Background: Inflammatory arthritis (IA) is a common adverse event following treatment with immune checkpoint inhibitors. The absence of antibodies in IA and clinical disparities between IA and rheumatoid arthritis (RA) imply disease heterogeneity and distinct underlying immunopathological mechanisms, which remain elusive.

Objectives: We aimed to comprehensively characterize the immunophenotype of synovial fluid and peripheral blood of patients with active PD-1-IA, patients with PD-1-IA in remission, patients with seropositive RA and healthy controls (HCs).

Methods: We profile CD45 ⁺ hematopoietic cells from the peripheral blood or synovial fluid (SF) of patients with PD-1-induced IA (PD-1-IA) or RA using single-cell RNA sequencing and validate using Flow cytometry, ELISA, and Chemotaxis assay.

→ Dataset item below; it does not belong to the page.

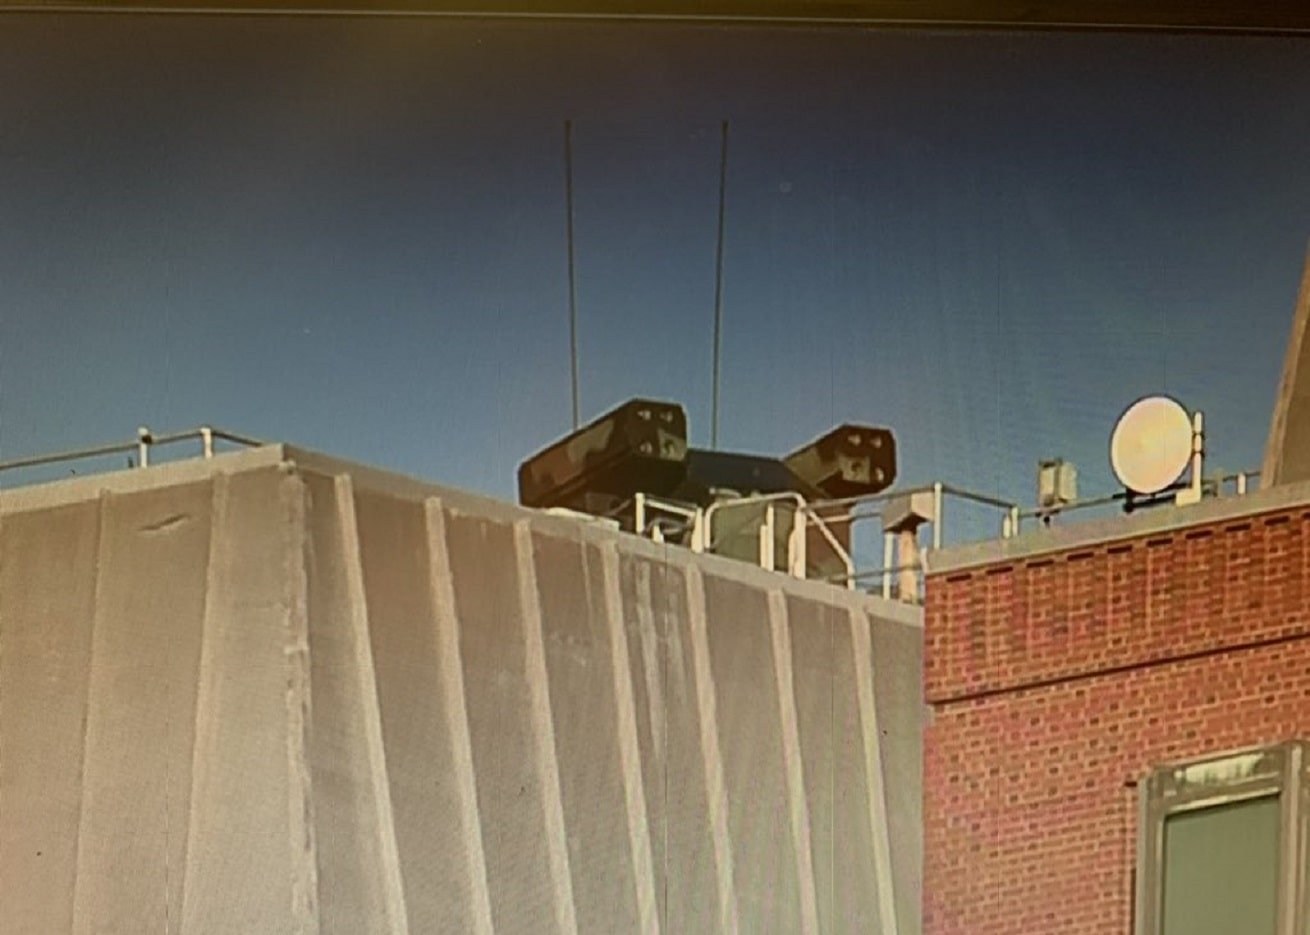 “Mystery” missile battery spotted on roof of building across street from White House

Results: We report the predominant expansion of IL1B ^hi myeloid cells with enhanced NLRP3 inflammasome activity, in both the SF and peripheral blood of patients with PD-1-IA, but not RA. IL1B ^hi macrophages in the SF of PD-1-IA shared similar inflammatory signatures and might originate from IL1B ^hi monocytes in the peripheral blood. We also observed a significant accumulation of an exhausted CD8 ⁺ T-cell population in the SF of PD-1-IA patients. IL1B ^hi myeloid cells orchestrated cell communication with exhausted CD8 ⁺ T cells possibly via the CCR1-CCL5/CCL3 and CXCL10-CXCR3 axes.

Conclusion: Collectively, these results provide evidence of different cellular and molecular pathways in PD-1-IA and RA and highlight the importance of IL1B ^hi macrophages as a therapeutic target in PD-1-IA.

Figure 1.

Graphical summary of this study. In IA, synovial IL1B ^hi macrophages, likely originating from peripheral IL1Bhi CD14+ monocytes, communicate with exhausted CD8 ⁺ T cells through the CCR1-CCL5/CCL3 and CXCL10-CXCR3 axes (right). This interaction may play a key role in PD-1-IA pathogenesis but not in RA (left).

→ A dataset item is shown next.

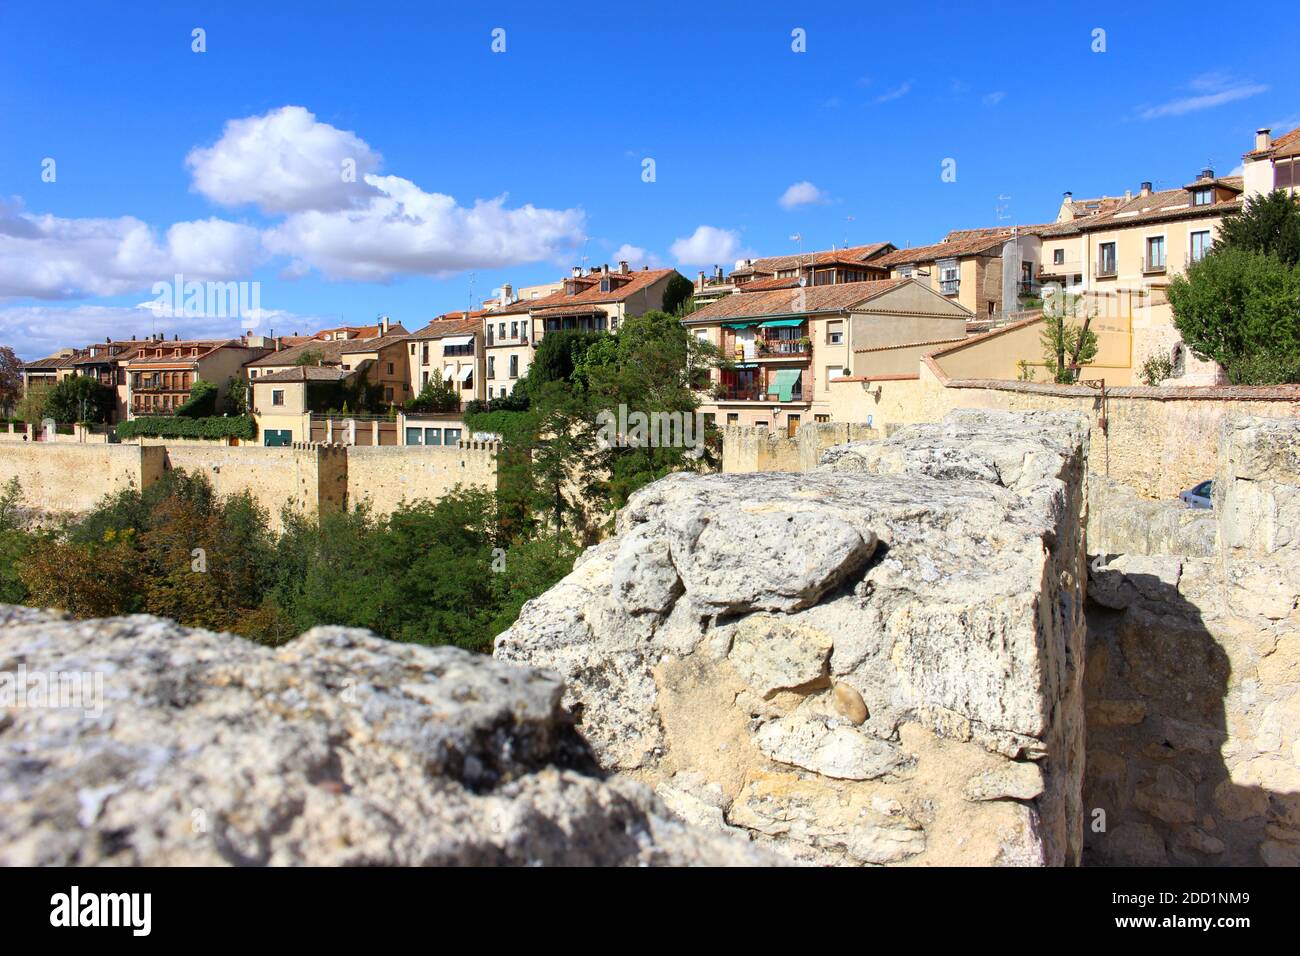 Segovia, view from the city walls Stock Photo

RA, rheumatoid arthritis. IA, inflammatory arthritis. MΦ, macrophage. Mono, monocyte. Tex, exausted T cell. CTL, cytotoxic T cell.

REFERENCES: [1] Postow MA, Sidlow R, Hellmann MD. Immune-Related Adverse Events Associated with Immune Checkpoint Blockade. N Engl J Med 378 , 158-168 (2018).

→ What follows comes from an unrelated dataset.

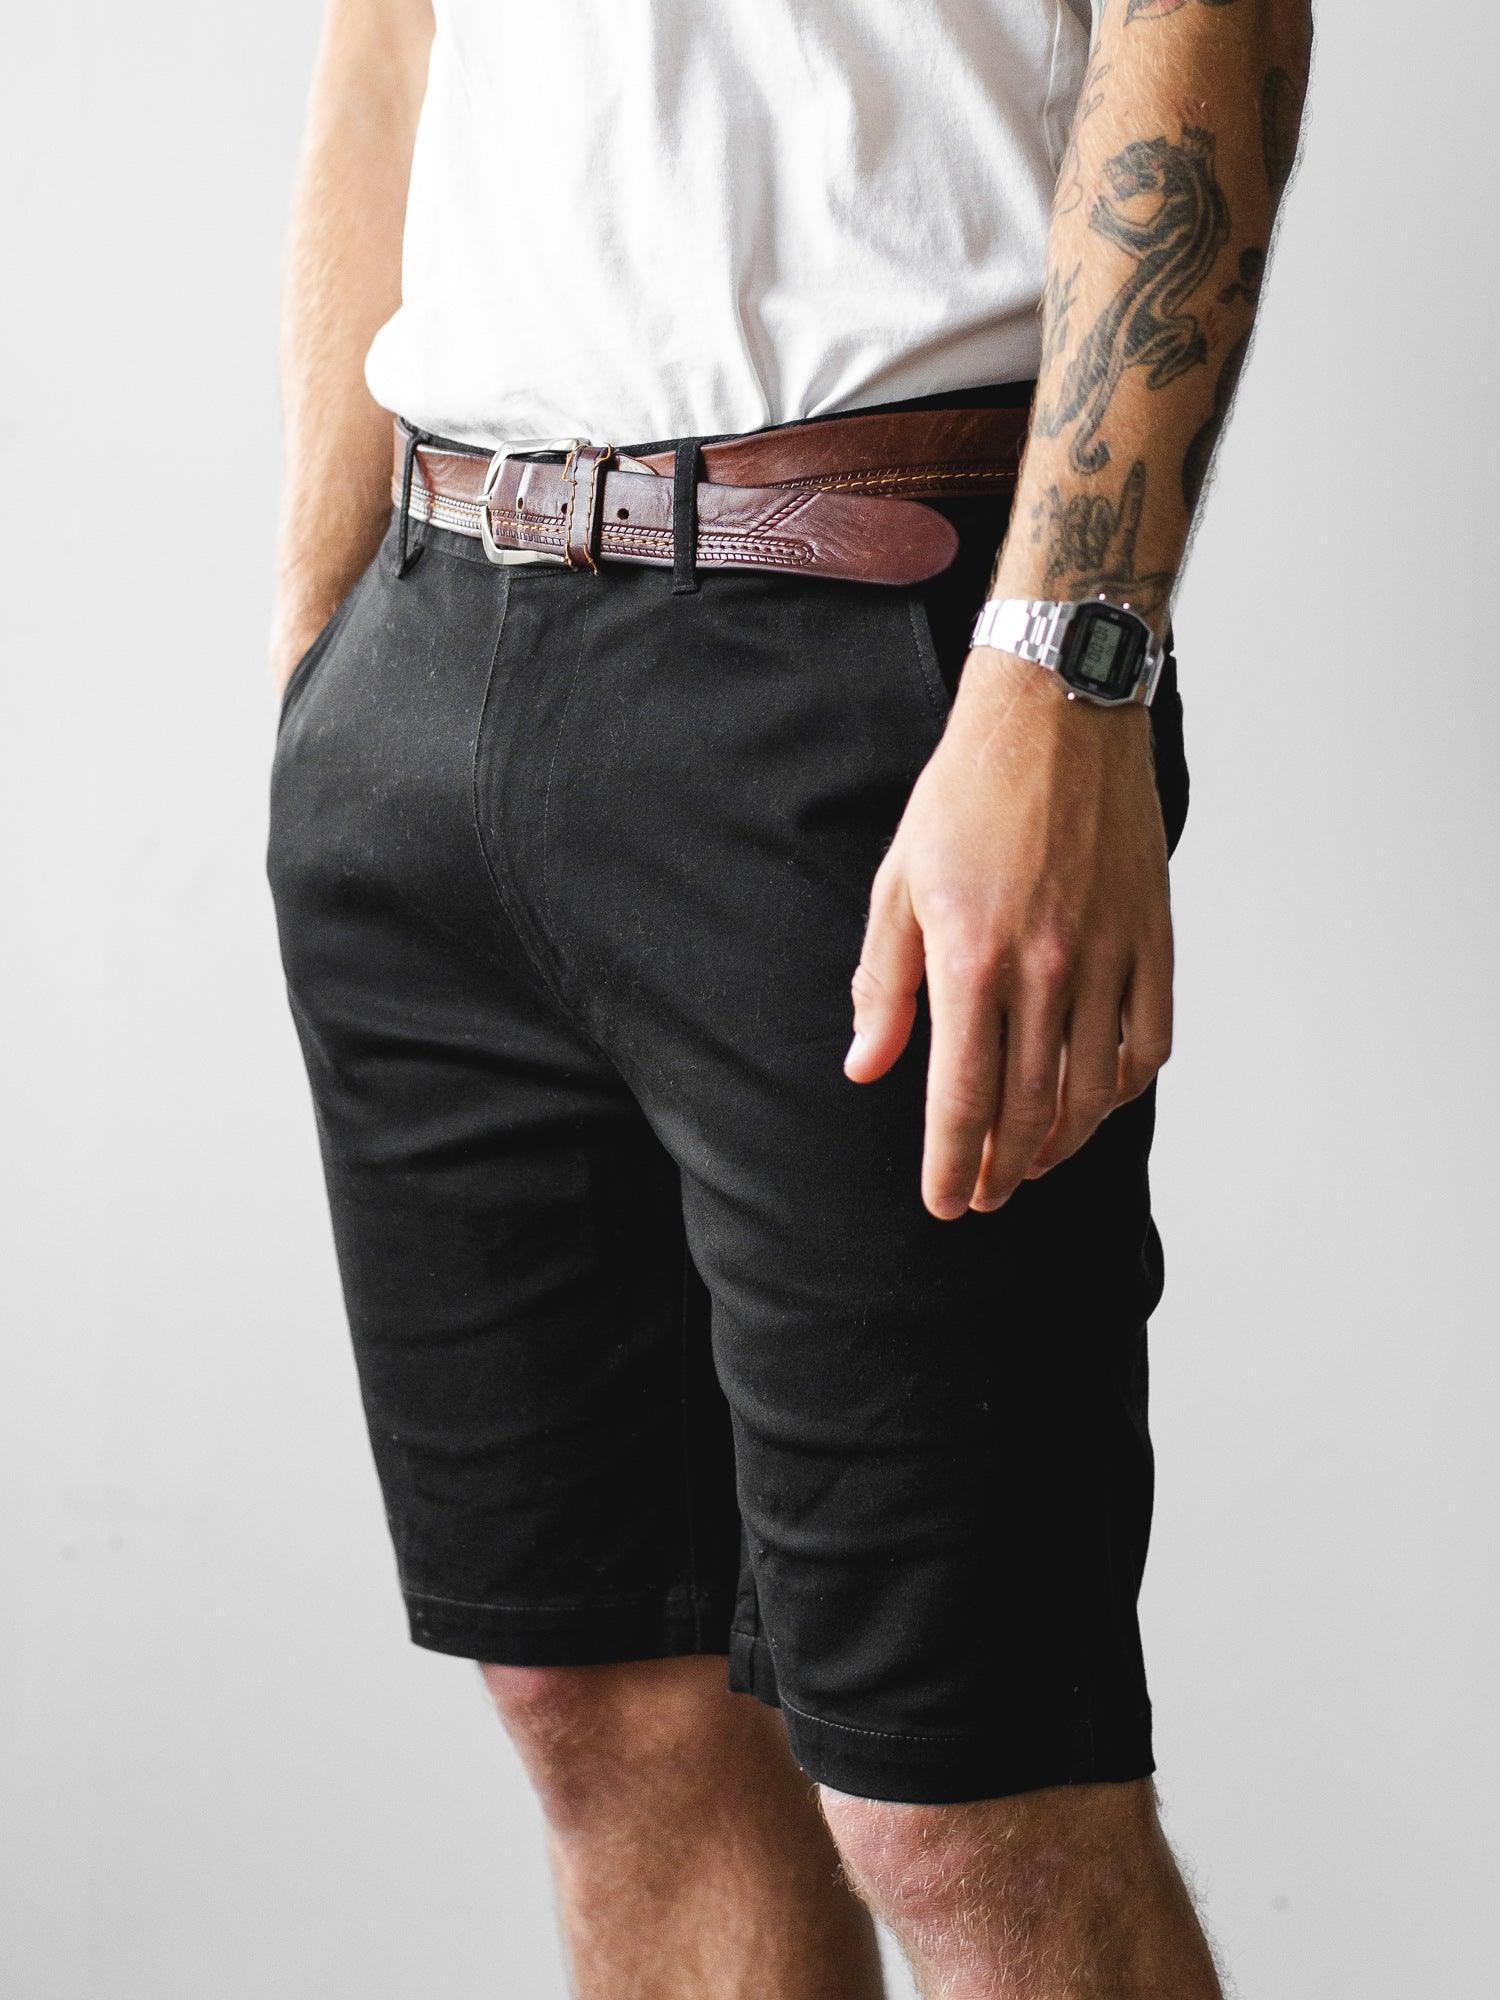 Watershed Brand Standard Issue Shorts - Black - classic cotton black shorts

[2] Calabrese LH, Calabrese C, Cappelli LC. Rheumatic immune-related adverse events from cancer immunotherapy. Nat Rev Rheumatol 14 , 569-579 (2018).

[3] Zhou X , et al. Treatment-related adverse events of PD-1 and PD-L1 inhibitor-based combination therapies in clinical trials: a systematic review and meta-analysis. Lancet Oncol 22 , 1265-1274 (2021).

[4] Braaten TJ , et al. Immune checkpoint inhibitor-induced inflammatory arthritis persists after immunotherapy cessation. Ann Rheum Dis 79 , 332-338 (2020).

[5] Kostine M , et al. EULAR points to consider for the diagnosis and management of rheumatic immune-related adverse events due to cancer immunotherapy with checkpoint inhibitors. Ann Rheum Dis 80 , 36-48 (2021).

[6] Thompson JA , et al. Management of Immunotherapy-Related Toxicities, Version 1.2022, NCCN Clinical Practice Guidelines in Oncology. Journal of the National Comprehensive Cancer Network: JNCCN 20 , 387-405 (2022).

[7] Faje AT , et al. High-dose glucocorticoids for the treatment of ipilimumab-induced hypophysitis is associated with reduced survival in patients with melanoma. Cancer 124 , 3706-3714 (2018).

[8] van Not OJ , et al. Association of Immune-Related Adverse Event Management With Survival in Patients With Advanced Melanoma. JAMA Oncol , (2022).

[9] Wu T , et al. clusterProfiler 4.0: A universal enrichment tool for interpreting omics data. Innovation (Camb ) 2 , 100141 (2021).

Acknowledgements: NIL.

Disclosure of Interests: None declared.